10/10
Exquisite adaptation of Wilde's great play
13 August 2009
This movie is witty, ingenious and terribly gay. It will lift your spirits to see these characters chirping away, even if you are hospitalized in a coma.

Edith Evans is Lady Bracknell, she is the funniest of the bunch, with an ideal horse-face that can only be found in families with at least five generations of British gentility. Her declamatory, accented, pompous speech is a delight, even asking for a scone sounds like the proclamation of a peerage coming from her. Michael Denison is totally affected and delightfully artificial as Algernon Moncrieff, this man could only be interested in high fashion and decorators and frankly I think part of the comedy is Oscar Wilde's trying to convince us that Victorian society was so dedicated to denial and maintaining social appearances as to believe this man would want to marry a woman when we know he would be having a nervous breakdown over her gown, the length of her veil, the right texture of paper on the invitation and the endless thank you notes. Even the way he eats a muffin is decidedly gay. Michael Redgrave is Jack Worthing and not that far from Algernon in posturing, over-dressing and mannerisms. They are perfect for each other, and they could have possibly started together the first line of haut couture and interior decor in England, instead we are led to believe that he is interested in romancing and marrying that goose of Gwendolen Fairfax as played by Joan Greenwood whose only merit is consistently dressing like she is on her way to a coronation.
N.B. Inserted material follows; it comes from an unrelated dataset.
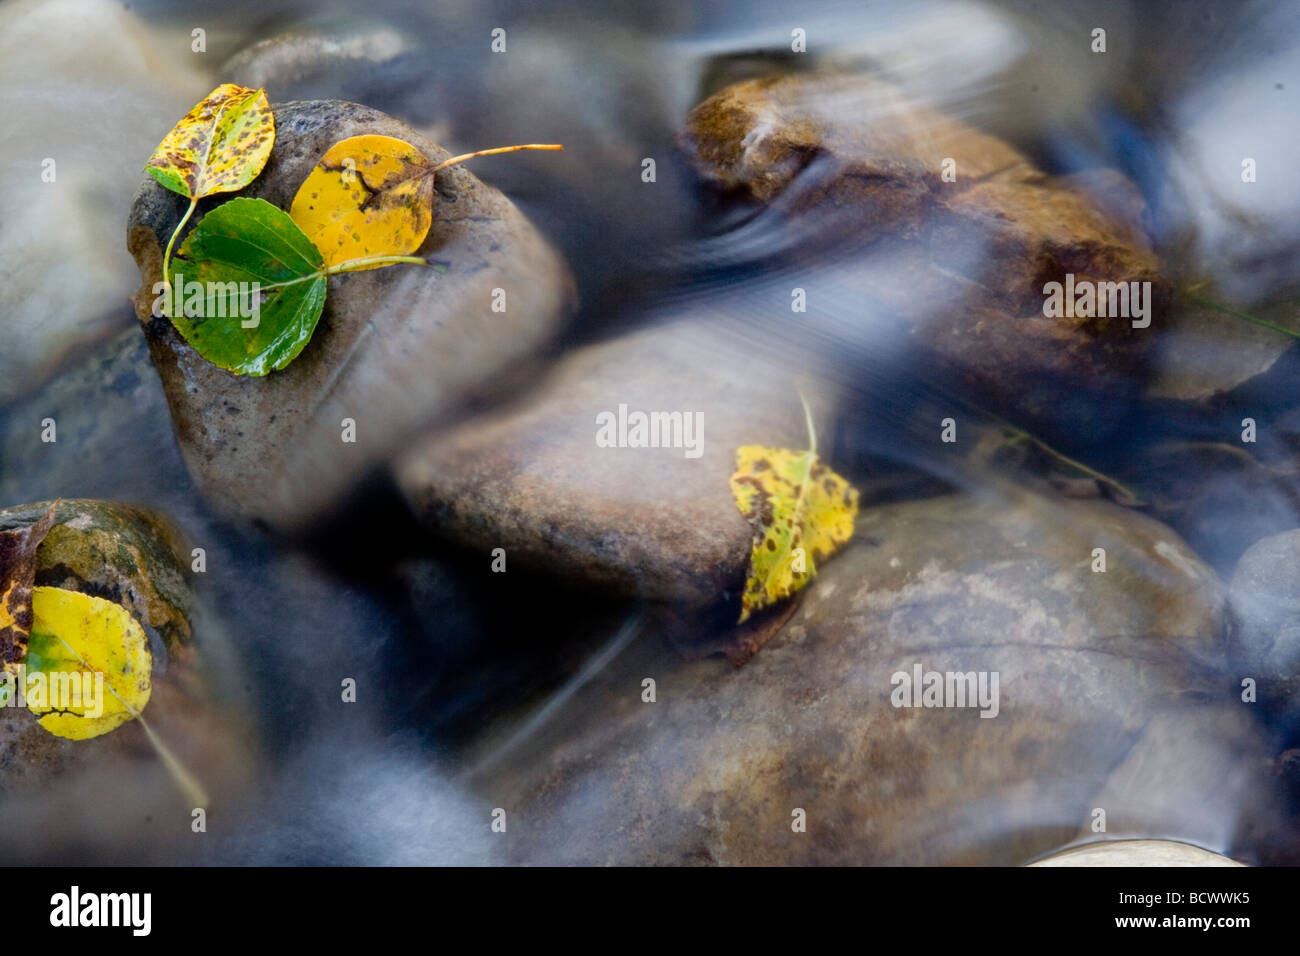 Autumn leaves held in place by rocks in a blurred stream. Stock Photo

One of her headdresses early on is a full English garden in bloom, compressed into her limited head space, a feat that would have made even Marie-Antoinette jealous. Dorothy Tutin as Cecily Cardew is perfectly annoying. She has the charm of a high-speed dentist drill, her voice is pitched and commanding, like a school mistress admonishing her charges, and is so persistently innocent and overwhelmingly pure one feels tempted to throw her head over heels into the Moulin Rouge for training on how to become a normal human being and stop being a professional virgin. Perhaps the best performance of all is the delightful Margaret Rutherford as the eccentric, literary, Miss Letitia Prism. Her facial expressions are exquisite, her perfectly full cheeks and rotund body being the product of endless afternoons consuming jam, scones and Earl Gray tea. One regrets not being able to read the voluminous manuscript that she mistook for the baby, I am sure it could be turned into a best-seller comedy.